There are two ways of viewing Us vs Them, in-group versus out-group. On one view, the Marxist view, held among may anthropologists, the in-group is defined by some material interest -- class interest, for example. There is another very different anthropological view, drawn from linguistics, particularly semiology, and promoted by Ruth Benedict and Culture & Personality school she founded. On her view, the definition of the in-group is purely historical and arbitrary, like the words of a language. There might be some remote, arcane motivation, but those motivations are so obscure that they are not present in the word or in-group definition.
For Louisiana whites, the Us vs Them seems to be a convergence of both arbitrary history and motivated reason (cognitive bias). The motivation is not, however, material interest. It's the historical accident of color.

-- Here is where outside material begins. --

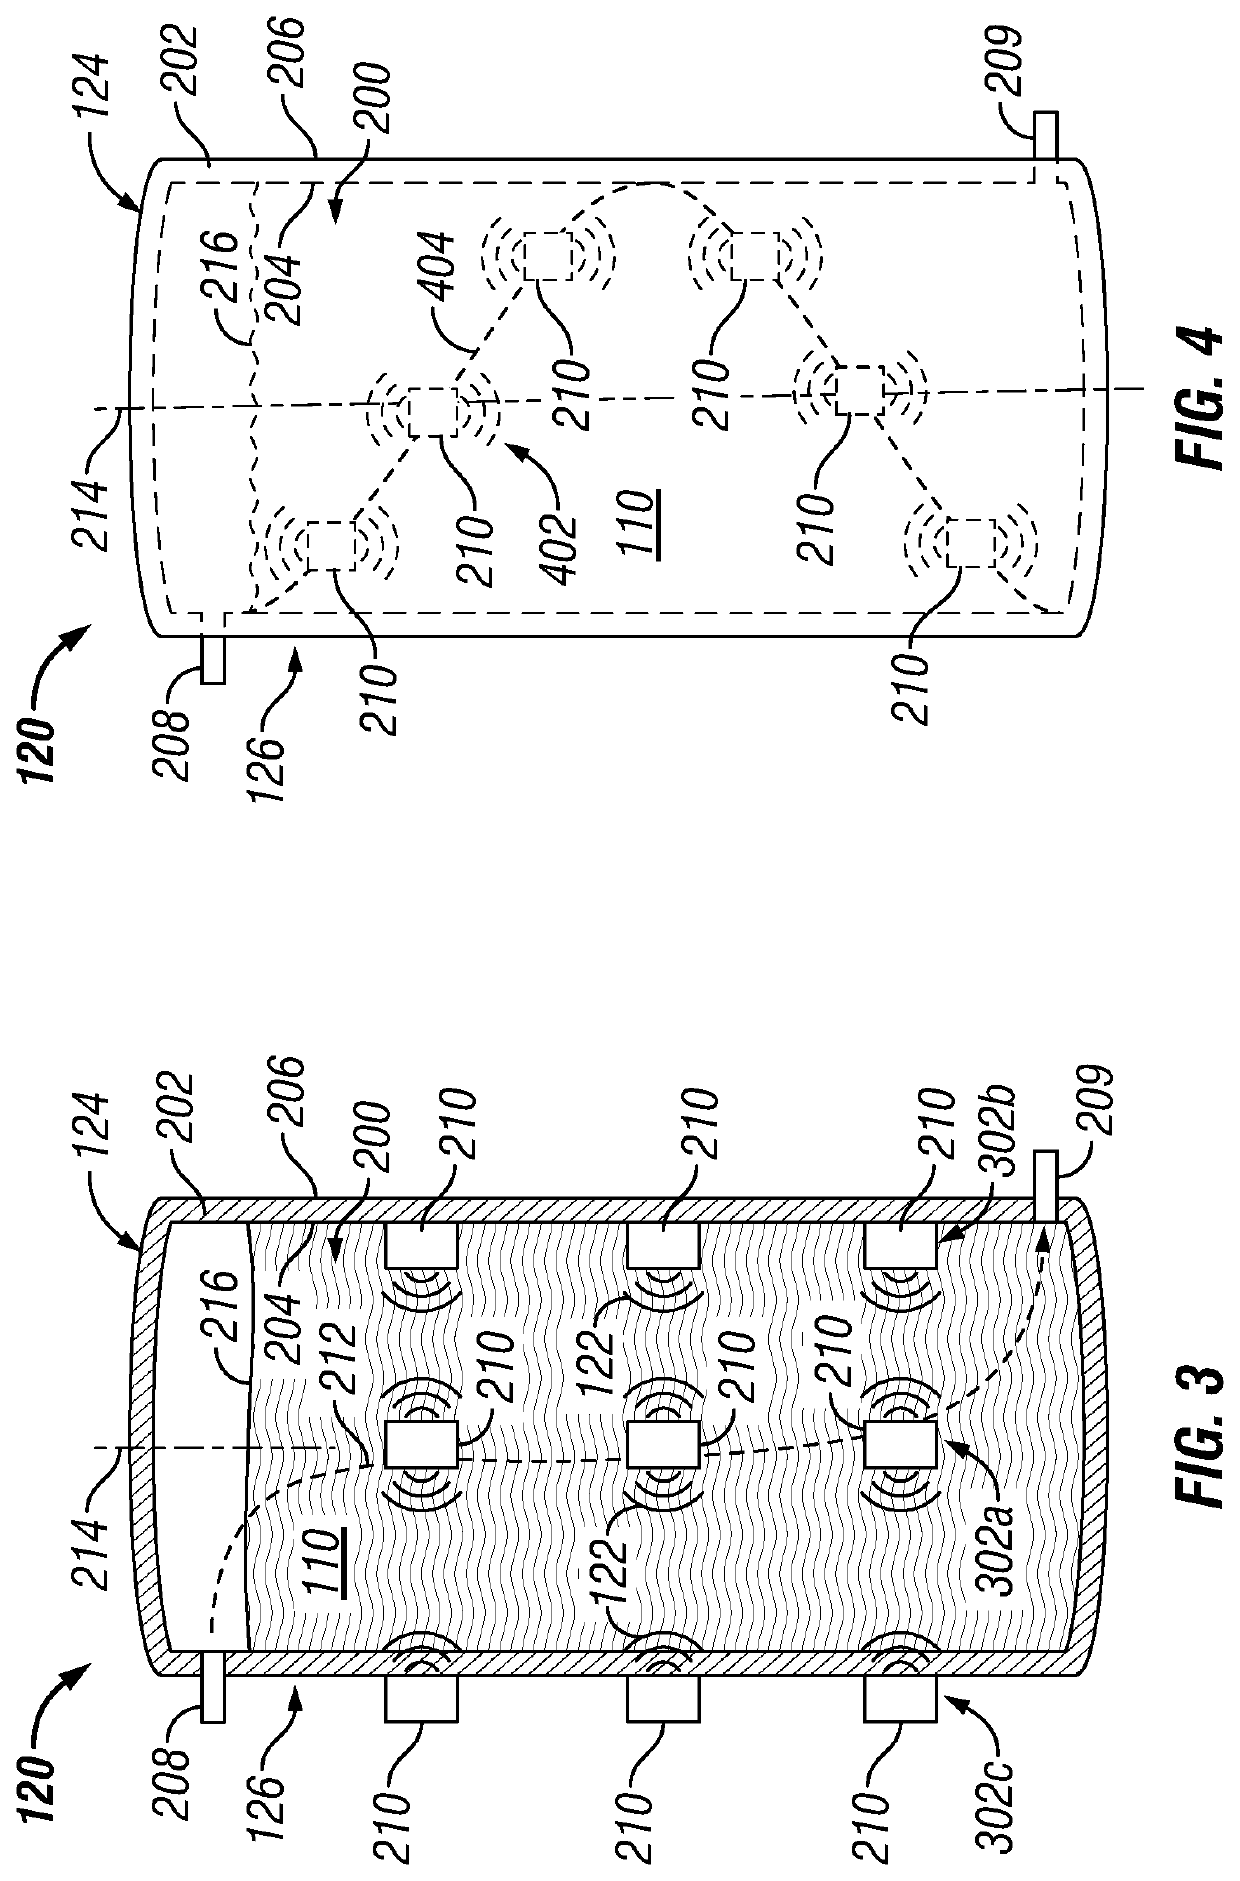 Ultrasonic degassing of hydrocarbon production fluid

Why should color make such a difference? Isn't is obvious that it's the lasting heritage of slavery? People are most entrenched in their views when they know they are wrong. The obvious wrong of holding other humans as slaves induced a lot of myside bias justifications -- "they're savages" the slave-owner insists, "we're civilizing them", "we're sending them to heaven" etc. The mere presence of a free black is an insult to their honor, since they know their enforcement of inequality is, or was and still is, so very obviously wrong. This is when people get hateful and violent over their myside bias. The wronger you know you are, the angrier you will be and more vigorously will you defend your precarious wrong, even ugly, stance. People are not interested in truth. We're interested in defending ourselves as right and good and justified.
Hochschild's study reveals that the legacy of slavery is inherited by whites. The mechanism that perpetuates it, having a heritage of ancestors involved or supporting slavery, is easy to understand.